You'll never get ahead with hourly based pricing.. you should use Value-based pricing

With hourly pricing, you penalize yourself the better you get at your job.

Fire your hourly rate.

More detail (but not exactly a duplicate question): Should I charge my client for mistakes I make?

  • 1
    Disagree on this @Scott (doesnt happen often), at least half of my projects are invoiced on an hourly / daily rate. Over the years, my rate has simply gone up. Mar 13 '17 at 8:00
  • Disagree all you want :) My hourly invoicing is reserved for maintenance updates and "fixes" never for projects on the whole.. I think in general working for hourly pay...makes you a slave to a timeclock.. not why I freelance.
    – Scott
    Mar 13 '17 at 10:36
  • I don't see how I'm a slave to a clock: I work whenever, wherever I want and I invoice that time. No matter what you do, I assume you'll still need to work. Mar 13 '17 at 16:36
  • Read the link I posted int he answer above... Hourly-based pricing actually penalizes you the faster you work. So.. the better you get at your job.. the less money you make, unless you continually raise your rates until you eventually price yourself out of the market.
    – Scott
    Mar 13 '17 at 18:03
  • I looked at it, but it's just a link to a search query? Anyway, I assume you don't work in consultancy, as I can imagine your point applies to web development, graphic design or similar. But there are more types of work out there :) Mar 13 '17 at 18:23

You can always increase your rate.

You will need to ensure that any proposal/bid you make reflects this, clearly demonstrating that you plan to take less time, with a final cost estimate at the end of the bid (clearly marked as an estimate, of course).

This way, the client can compare your bid against others and can make a clear choice based on value.


100 hours x $50 per hour = $5000 (competitors)
50 hours x $75 per hour = $3750 (you)

I know which one I'd pick for a project.

Once finished, you can move on to the next project.


If you're looking for ideas outside of increasing your rates (which I recommend doing on a regular basis, as I do annually), here are a few:

  • Mandatory minimums for projects: If you have a good idea of how long something will take, make that the minimum hourly total for the project. That way, if you work faster, they get a quicker delivery and you still get paid fairly. If you end up needing to put in more hours, as long as the communication lines are open and this is an understood possibility, it shouldn't be a problem.
  • Additional fees: While most of my pricing is hourly as well, I have a few additional fees spelled out in my contracts. If there are particular milestones or additions that it would make sense to charge extra for, do so. Or include a "rush fee" that means you give the job priority and will get it done faster.
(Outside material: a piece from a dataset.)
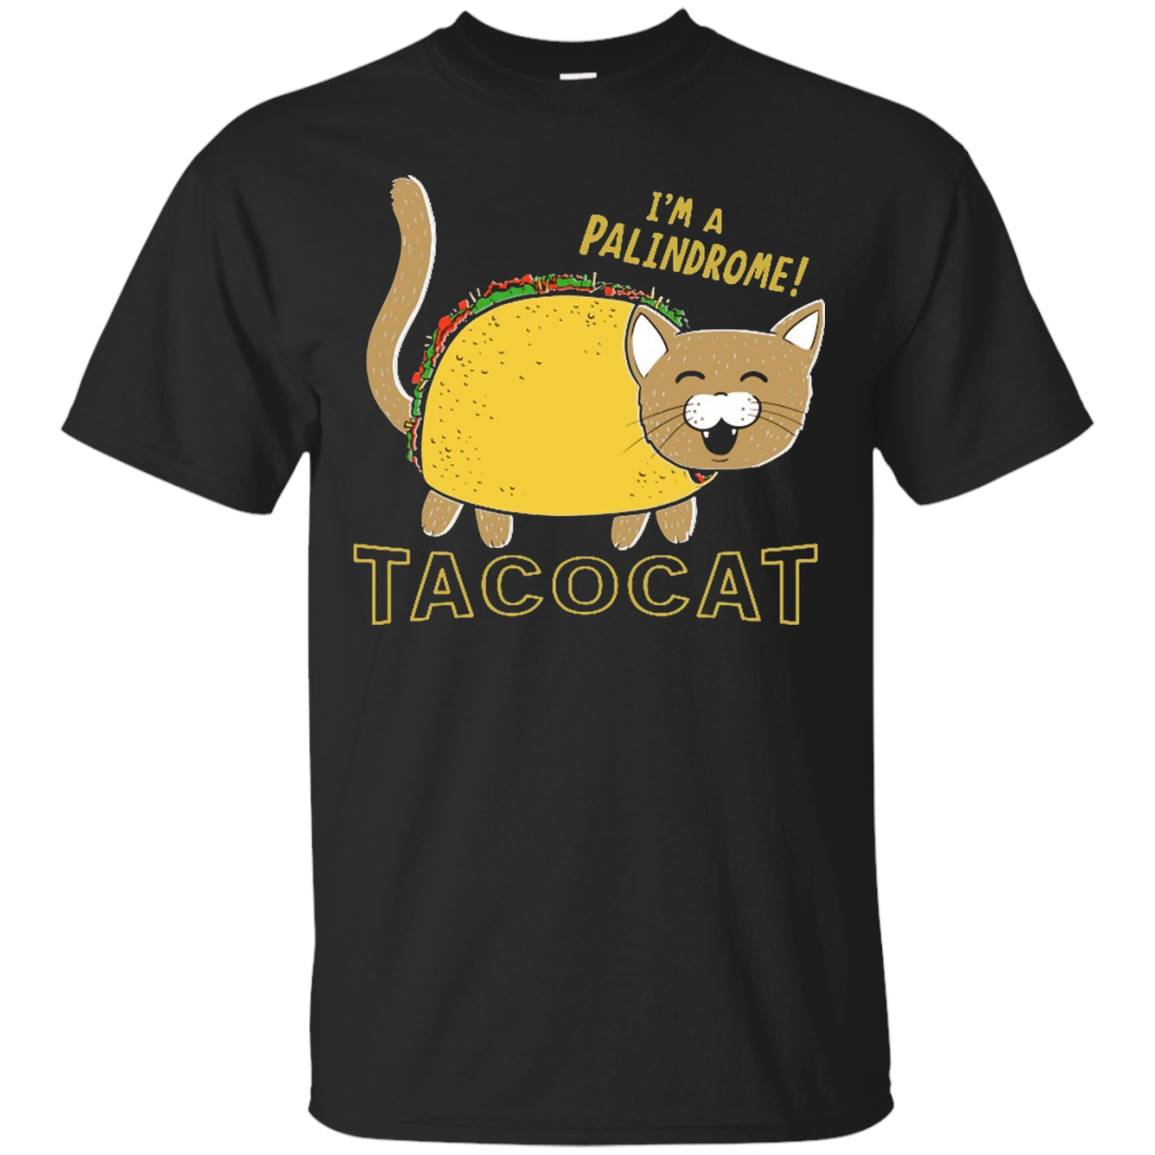 TACOCAT Palindrome Cartoon Funny Taco Cat Shirt

But be careful with these - obviously nobody likes surprise fees, so they need to be clearly explained.
  • Time/Completion bonus: This isn't something that I do and probably doesn't fit in with my industry, but it might for yours (though I think it would make more sense to come from the client). But what you could do is say, "the average freelancer costs X much and finishes in X amount of time. I'll work for the same amount, but if I finish x weeks early I get a completion bonus of $X." I'm honestly not sure how many clients would be welcome to an idea like this one, so it really depends on your industry, how well you sell the idea, and your ability to get things done faster than everyone else.
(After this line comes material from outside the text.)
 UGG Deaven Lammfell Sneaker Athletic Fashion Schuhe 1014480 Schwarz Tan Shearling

Delivering the project sooner means you make less money from that project. It also means you are available to start another project that will be a new revenue stream. As long as you keep your schedule full, there is no loss in income.

I typically have three contracts going at once. I have found that this is enough to minimize my downtime, without overwhelming me. You may find that the optimum number for yourself is more or less, depending on your work habits and how quickly your clients respond to questions and provide files that you need.